Once you’re satisfied, wipe the polish off with a MF cloth and inspect the surface. This is how you’ll know whether you need to make another pass or if you’ve removed enough swirls to your liking.
Here’s a shot of the front fender after polishing with one pass. 99% of the swirls are gone and the surface is reflecting as expected.
Aria came to join and help out for a little bit…
A shot of the rear bumper – the rear bumper was probably the worst part of the car. Lots of scuffs from many things I imagine – luggage, swiping with jeans/jackets, bumps and bruises from parking lots… I was able to remove about 95% of the scuffs that did not go past the clear coat.
Also polished the tail light. Yes – you can polish your tail light to reveal a nice, clear finish.
A shot of the rear quarter and tail light.
One more of the tail light. Note – I did not wet sand the tail lights. Typically, tail lights receive much less abuse than headlights. The only time I’ve wet sanded tail lights was when the previous owner has taken the car wash brush to it one too many times. You’ll be able to tell based on the scratches and scuffs and haziness of it, but this wasn’t bad at all. A quick pass on this really just helped clear it up again.
Once you’ve done the hard – and most important – part of it all, the next step is to help reveal and protect the shine you’ve just brought out. I decided to try out a new type of sealant – a product from Japan – Soft99’s Fusso Coat. It’s the Japanese brother of Chemical Guys, if you will. It’s a fairly hard paste sealant made of a fluorine polymer. It’s marketed as a ’12 month wax’ but I suspect with our winters, I’ll probably last 4 months if I’m lucky.
This particular tin is made for dark cars. Small print if you would like to read the details…
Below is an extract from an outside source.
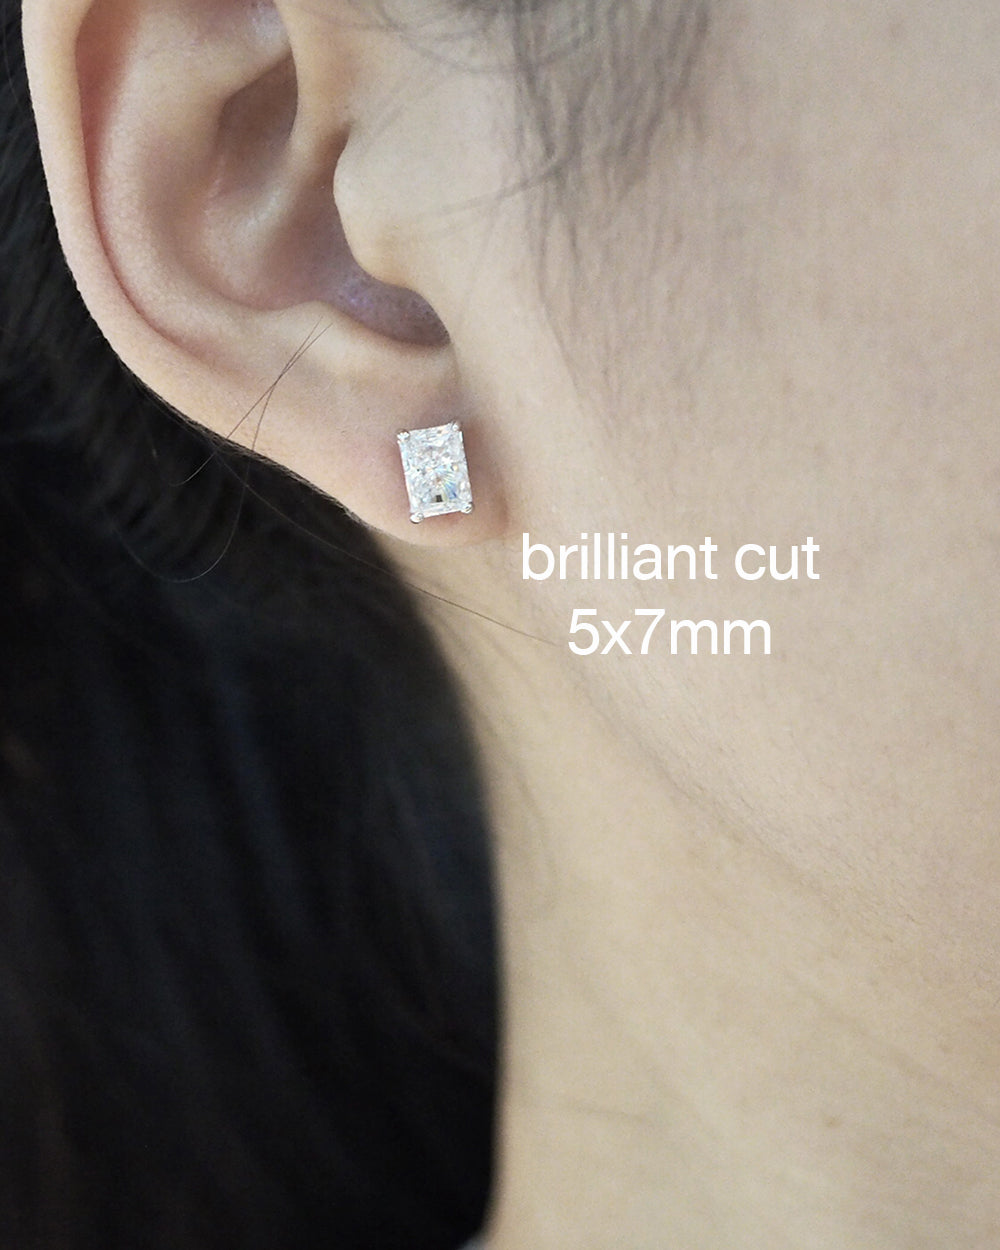 Glintz Bijoux Bisou Brilliant Cut Studs 5x7mm Earrings

Here’s what it looks like. I was totally expecting it to smell like squash but it just smells like strong chemicals. Bummer lol. I’m not going to bore you with wax application pics – it’s pretty bland. The best pics are after the wax is wiped off…
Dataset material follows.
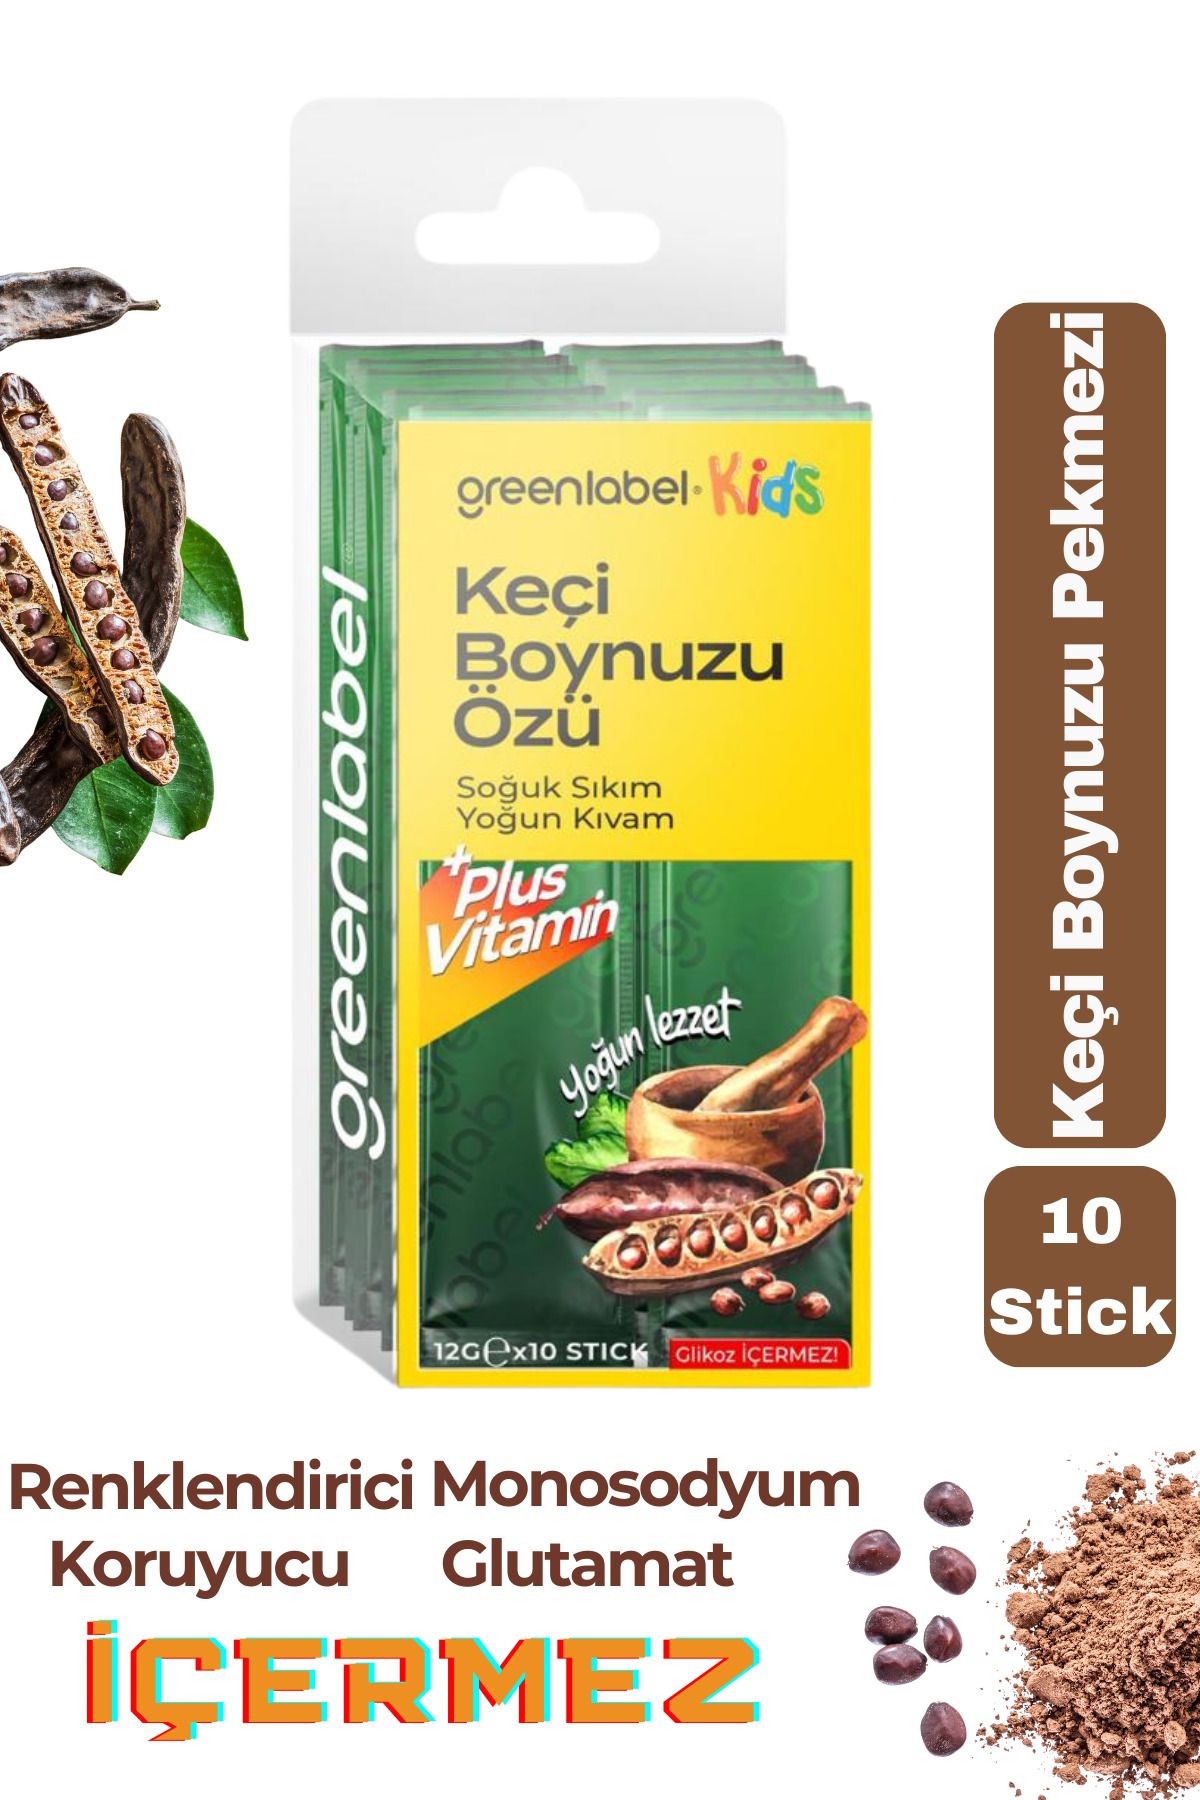 Green Label Greenlabel Kids Keçi Boynuzu Pekmezi 12gr. x 10 Adet Stick

While I was inspecting the car, I also noticed the grill had taken quite the beating over the years. it looked like a cookies and cream grill now. I wanted to restore it back to black so I masked it off and painted that while I was waiting for the wax to cure.
Finally done! All in all, it took me about 5-6 hours to complete it all. I consider myself lucky because the car was already pretty clean to begin with – it was kept in good condition and all I needed to do was fix it up here and there. A little hard to tell in these pics since the sun was half and half…
A shot of the rear quarter – it truly looks like a brand new car.
A shot of the rear. The rear hatch was also quite beat up I imagine from opening and closing and other things. The 3″ pad that I picked up worked wonders on the tight spaces here.
A shot of the refreshed grill. Nothing fancy, but definitely better than before.
A shot of the now-cleared headlights.
Another shot of the headlights. No more swirls, or haziness!
Reflection shot. Much better than the swirly shot I took above…
Tail lights refreshed as well.
And one last one before the garage closed for the day. It’s a total bummer too because I wanted to drive it while it was so damn shiny… But it’s snowing and shitty today and no one will ever be able to appreciate it like I did on Sunday… Oh well.